Can people infected by HIV improve their antioxidant status with supplements of cysteine, an amino acid? Scientists in Texas have findings that may help answer this question. Antioxidants boost the body's immune system. They also protect our organs from damage by a destructive form of oxygen normally produced in cells' metabolic reactions.
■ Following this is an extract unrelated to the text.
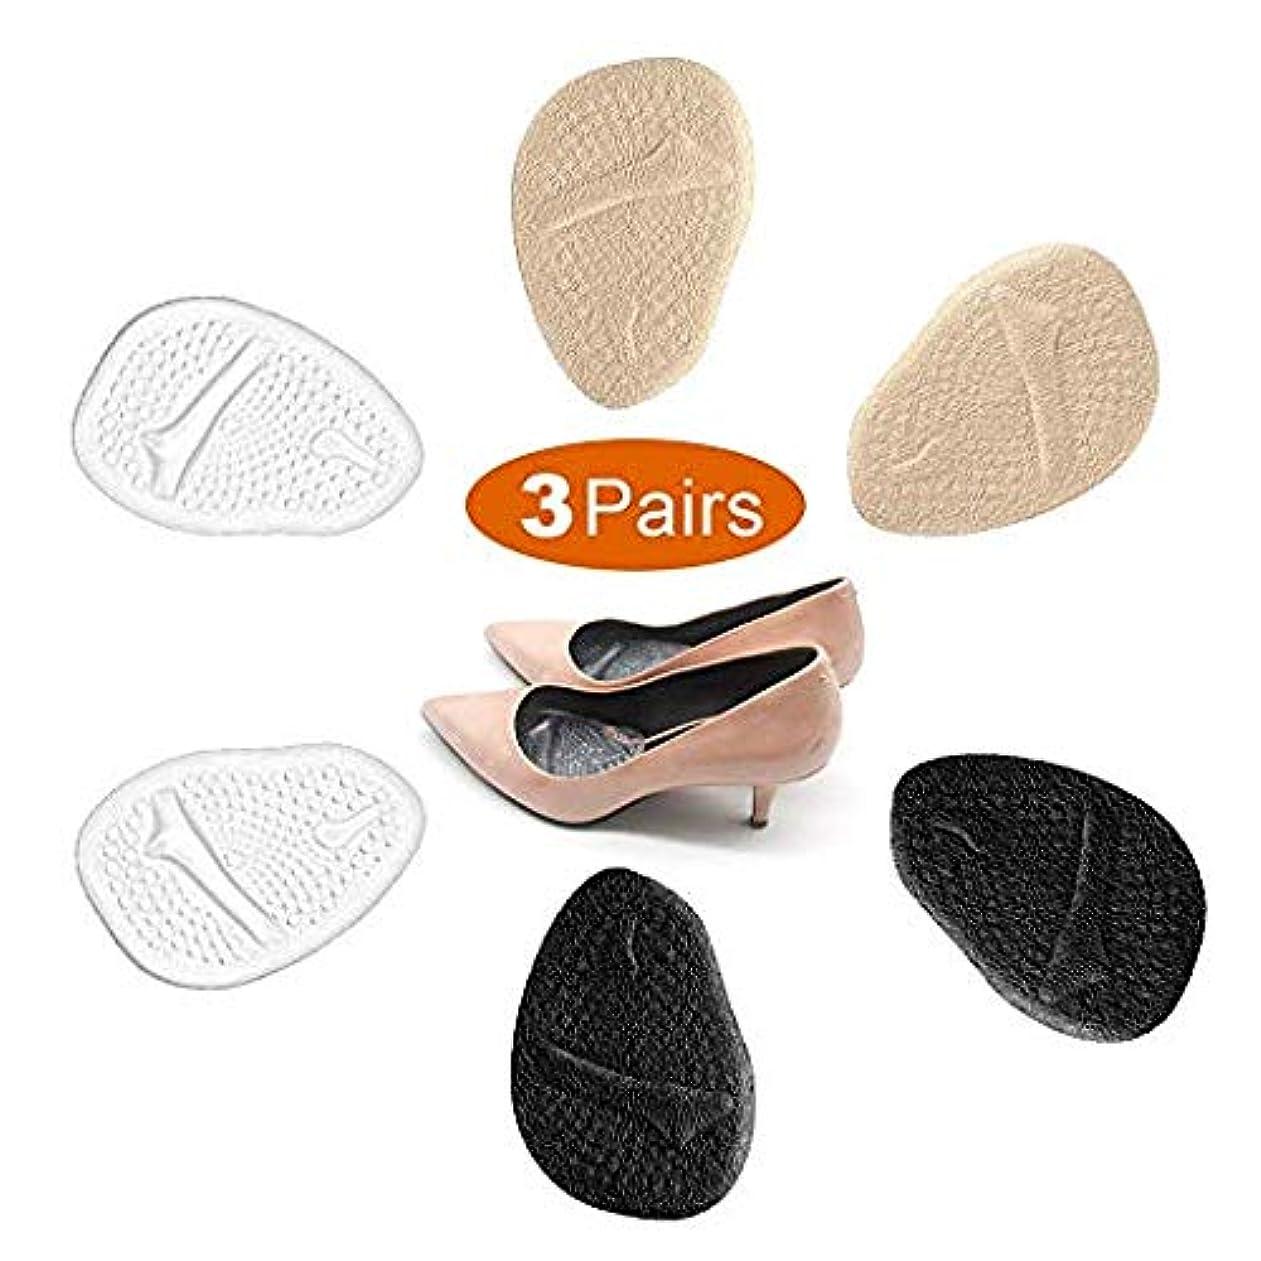 ジェスチャー六月適度な中足骨パッド| 女性の中足骨パッド| ボールオブフットクッション(3ペアフットパッド)終日痛みを軽減し、快適なワンサイズの女性用シューズインサート

But medical researchers know that levels of the antioxidant glutathione (GSH) can fall as a result of HIV infection. HIV patients with low GSH levels have increased secondary infections and cancers and higher mortality. But some scientists have shown that a form of cysteine called NAC, short for N-acetylcysteine, can raise GSH. Other studies suggest NAC is ineffective. In the Texas study, HIV-infected volunteers who took NAC increased their GSH-making efficiency. The amount of GSH in blood cells increased. This confirms other findings--in the United States, Brazil, Mexico, and Germany--that NAC is helpful. The Houston study may also shed light on why HIV infection lowers GSH. The scientists concluded that the HIV-infected volunteers may have been producing the antioxidant too slowly rather than using it too quickly. The study of GSH synthesis was small--five HIV-infected volunteers and five healthy ones. But researchers used an in-depth method, amino acids tagged with stable isotopes, to measure GSH synthesis. Farook Jahoor, USDA-ARS Children's Nutrition Research Center at Baylor College of Medicine, Houston, Texas; phone (713) 798-7084, e-mailjjahoor@bcm.fmc.edu.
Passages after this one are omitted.